### WHAT IS REQUIRED
Copy the data below exactly, omitting any picture it contains.

### INFORMATION SUPPLIED
—————
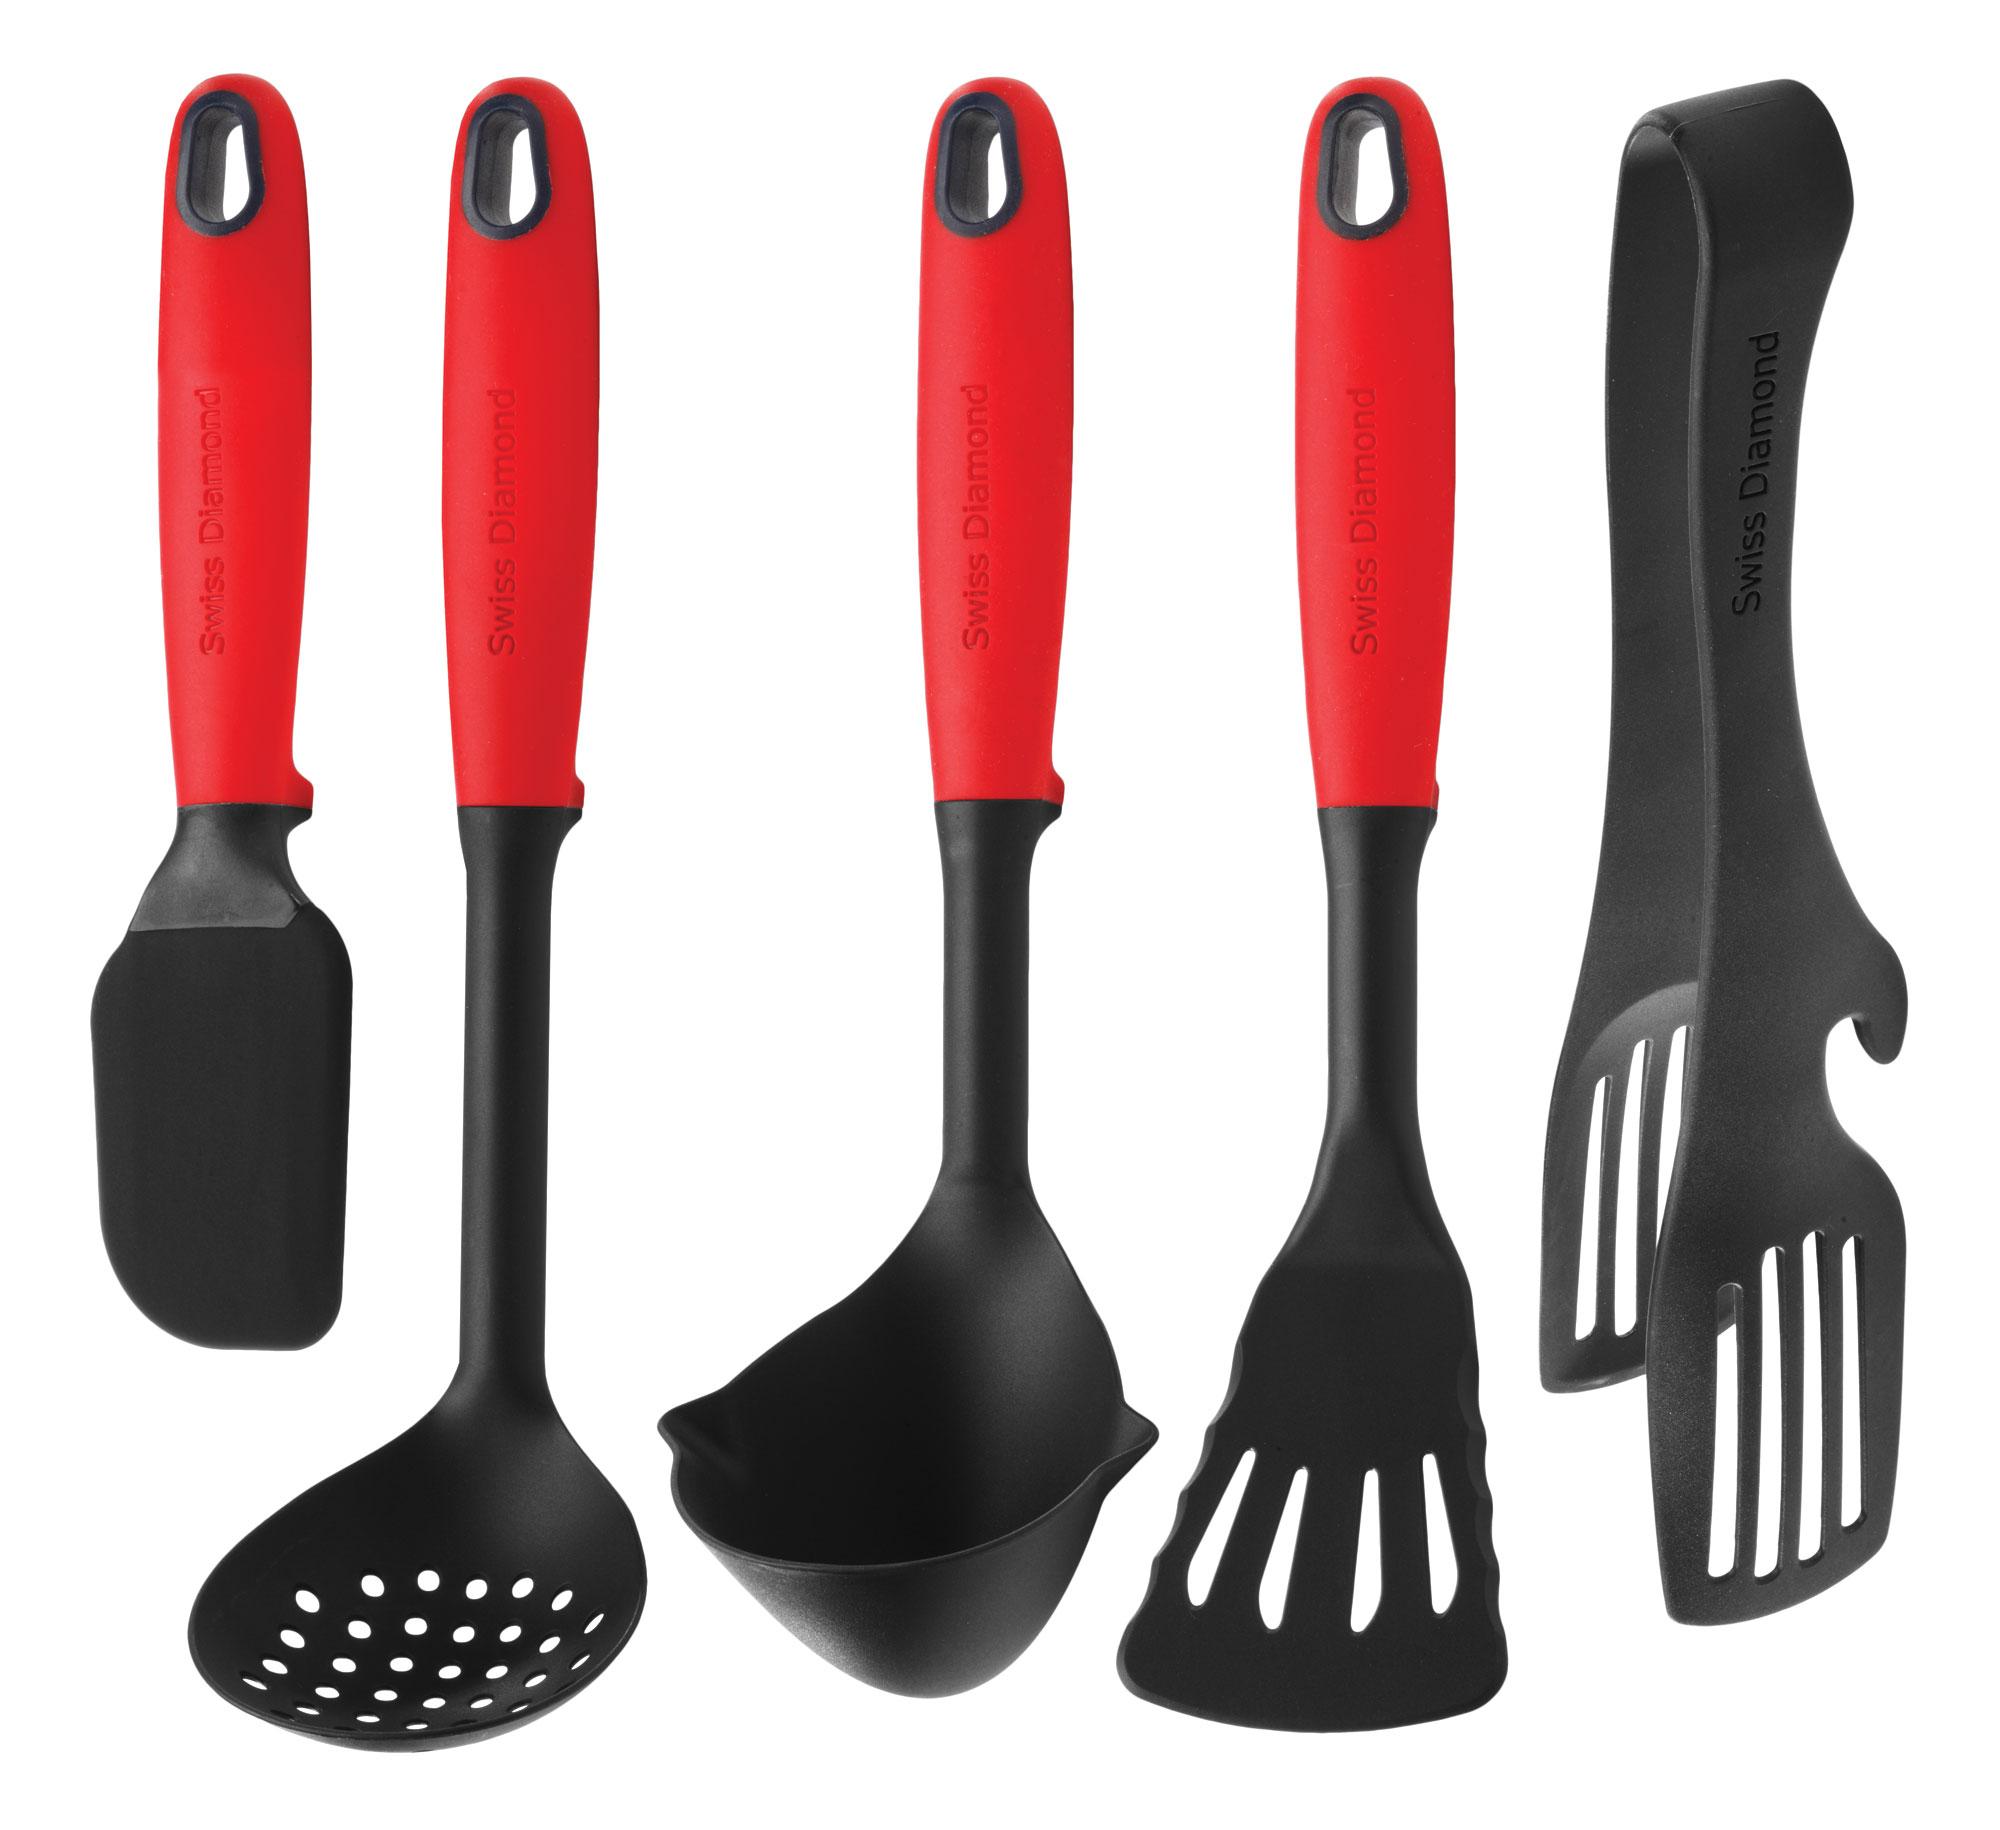 Swiss diamond kitchen utensil set 5 piece cutlery and more for Kitchen set utensils
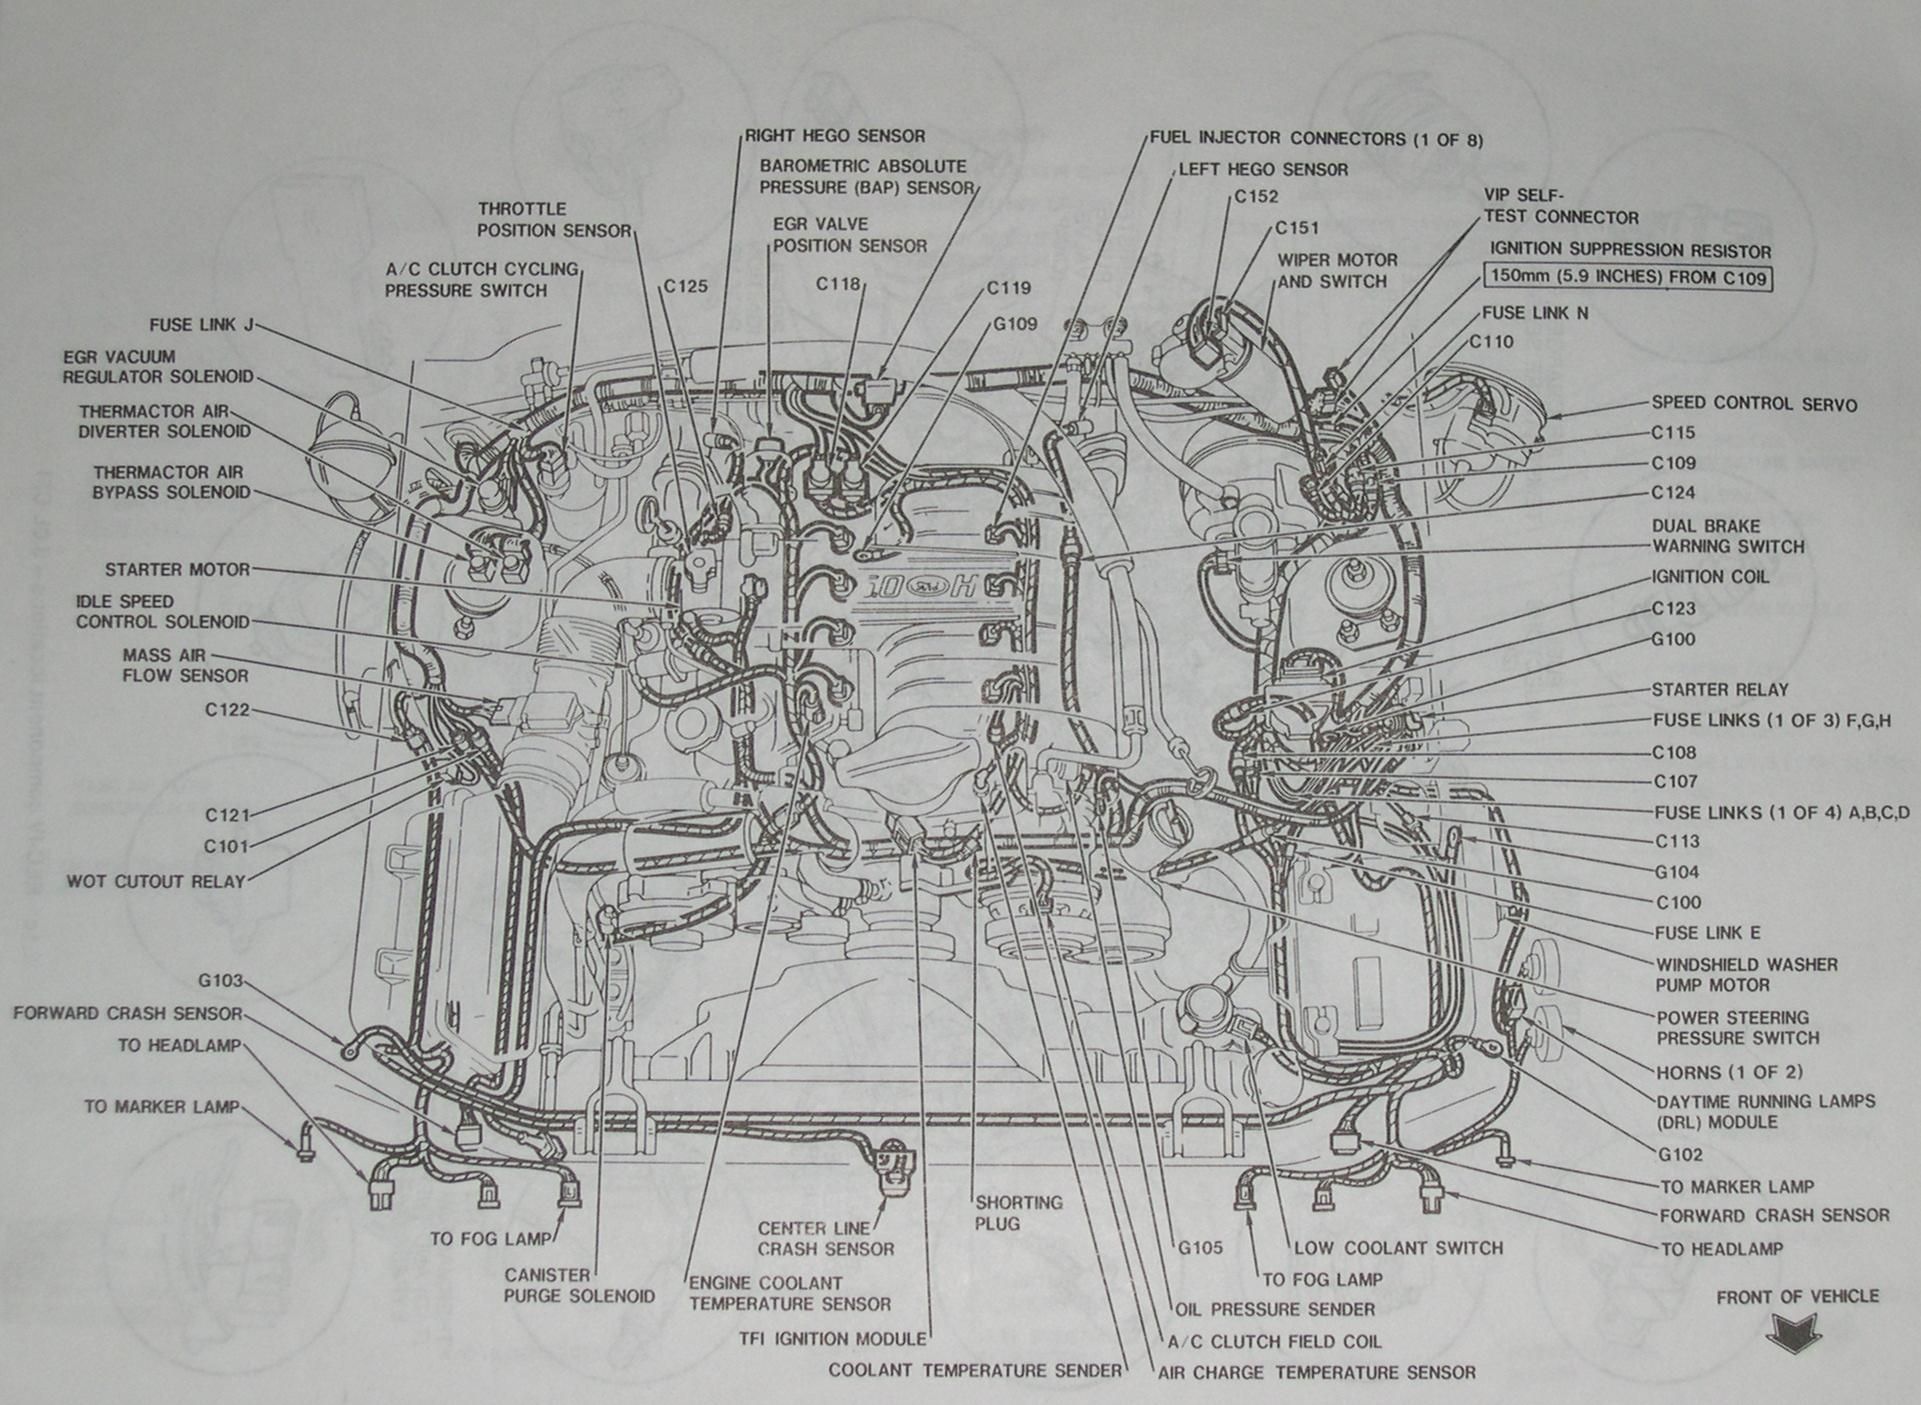 92 Mustang Engine Diagram Wiring Diagram View A View A Zaafran It
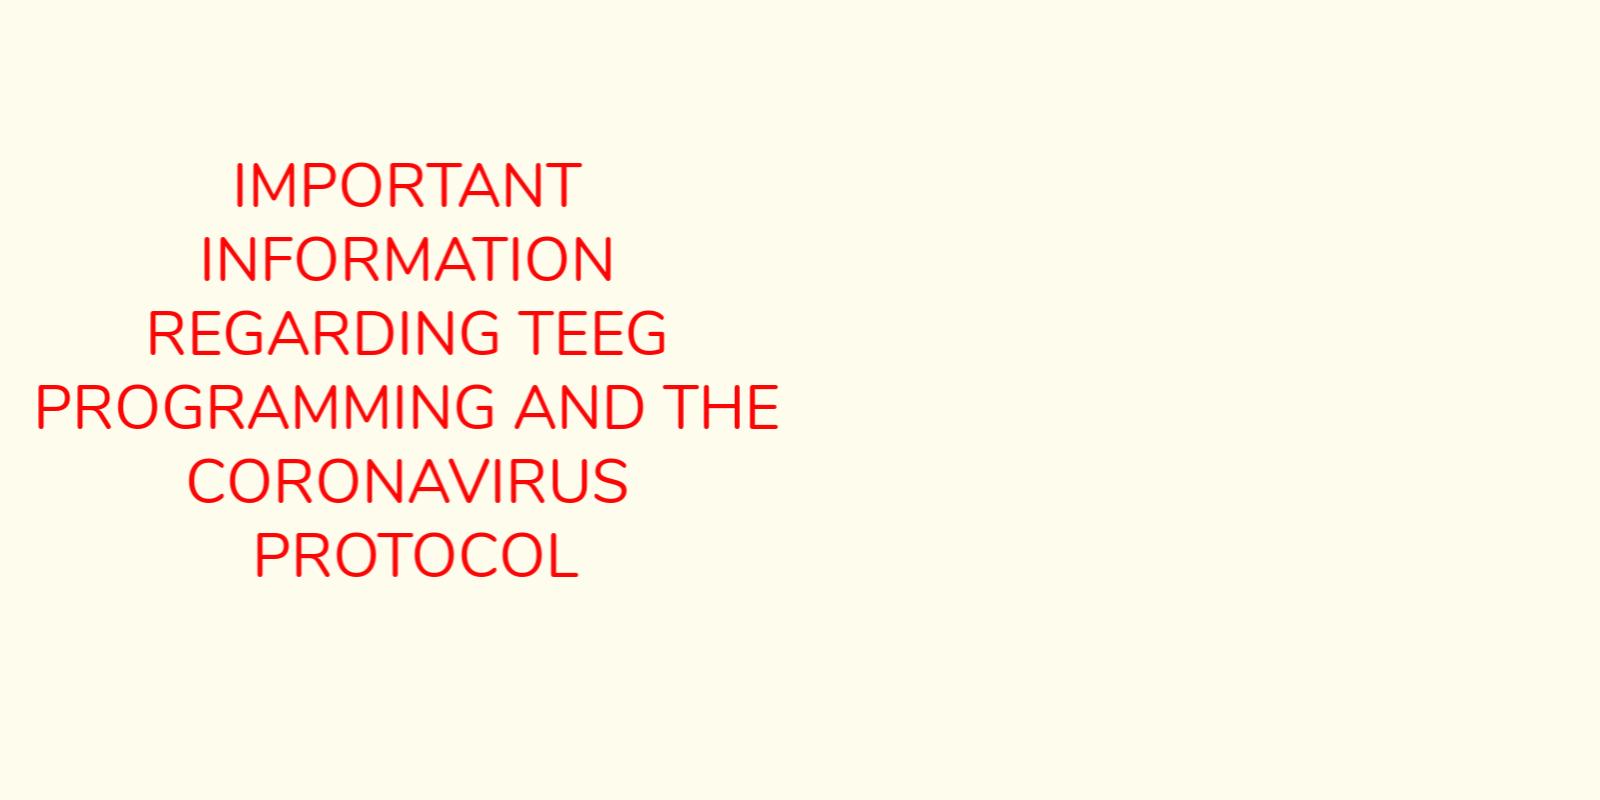 Corona Virus Protocol
—————
### RESULT FOR THIS TASK
 Swiss diamond kitchen utensil set 5 piece cutlery and more for Kitchen set utensils
 92 Mustang Engine Diagram Wiring Diagram View A View A Zaafran It
 Corona Virus Protocol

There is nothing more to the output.